Measured by the number of incoming emails and RSS-feeds, the big news in the science museum world today is a critical article by Edward Rothstein (“The Thrill of Science, Tamed by Agendas”) in the Arts Special section of yesterday’s New York Times.
A century ago, Rothstein points out, museums were simply collections of objects: “And science museums were collections of objects related to scientific inquiry and natural exploration. Their collections grew out of the ‘wonder cabinets’ of gentlemen explorers, conglomerations of the marvelous.”
Rothstein loves the old collection-oriented museums (so do I, and so do my emailing and RSS-feeding friends and colleagues). One of his favourites is the partly dispersed collection of Henry Wellcome, which includes “moccasins owned by Florence Nightingale, Napoleon’s toothbrush, amputation saws, an array of prosthetic limbs, a Portuguese executioner’s mask, Etruscan votive offerings and obstetrical forceps”.
“You look at such collections”, writes Rothstein, “and sense an enormous exploratory enterprise. You end up with an enlarged understanding of the world’s variety and an equally enlarged sense of the human capacity to make sense of it”.
But over the last two generations, the scientific objects have largely been replaced by politics, educational aims and curatorial experimental ambitions: “the science museum has become a place where politics, history and sociology often crowd out physics and the hard sciences. There are museums that believe their mission is to inspire political action, and others that seek to inspire nascent scientists”. Museums have become agenda-driven.
Although I disagree with Rothstein’s lumping together of science museums and science centers (in my view these have very little in common), I believe he has a point.
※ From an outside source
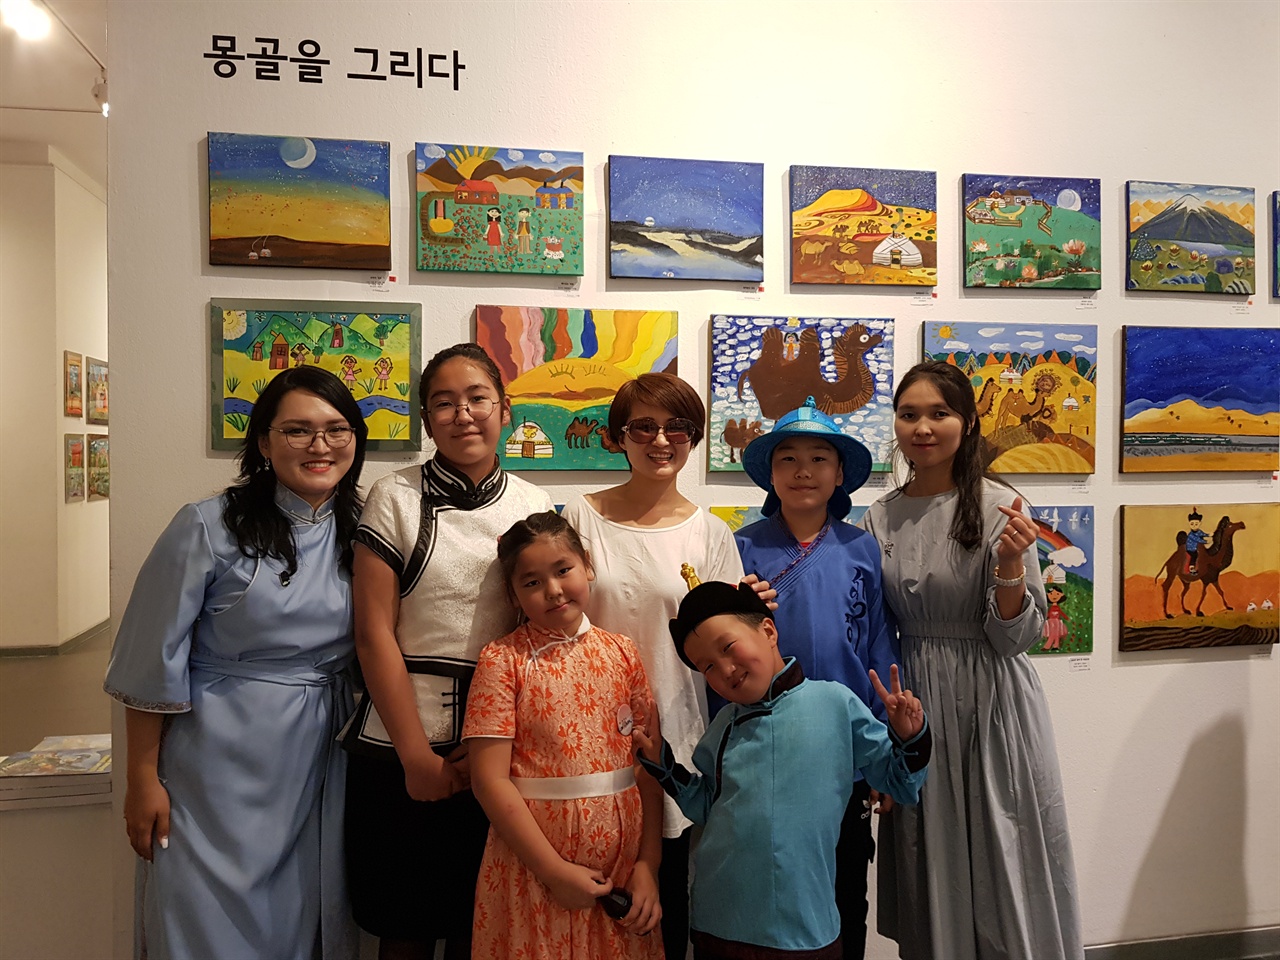 몽골의 NGO단체 '미래의 몽골'에서 활동하는 자야와 아이들

All of this museological experimentation may, says Rothstein, “be a sign of the science museum’s struggle to define itself”.
But defining itself to what identity? Rothstein is looking forward to some unforseeable “brilliant transformations of the science museum model” — hoping that “today’s rampant experimentation with exhibition styles might eventually yield a new model as yet unimagined”.
Not entirely unforeseeable though. Rothstein places some hope with exhibitions like those in Boston’s Museum of Science, for example a “remarkable 19th-century collection of finely wrought glass models of sea creatures” which becomes part of an exhibition about modeling “and its importance to the pursuit of play, fashion and science”.
In another BMoS-exhibition, “the museum’s animal specimens are joined with a mineral collection, vintage dioramas and other artifacts to explore the nature of collecting and categorizing”; a third example is the revamped 1961 exhibit “Mathematica” (created by Charles and Ray Eames); its “exploration of abstraction was inspiring to a young boy who saw it long ago; it remains a touchstone”.
All three exhibitions “explain important concepts about how science is done while displaying extraordinary objects and spurring new ways of seeing — all without pressing viewers into a particular program”.
I fully understand Rothstein’s wish to get the thrill of science back in the museum (whether museum or science centre). He is waiting for Jesus the Curator to come to the Museum Temple Place and throw all the paraphernalia and extravaganzas out, and restore the simple virtues of a science museum: science, objects and principles.
Well, to me that sounds like an agenda — another one than the prevailing populist agenda indeed, but it is still an agenda. I don’t think you can avoid agendas by letting the science and the objects somehow speak for themselves. The question is rather what kind of agenda you want.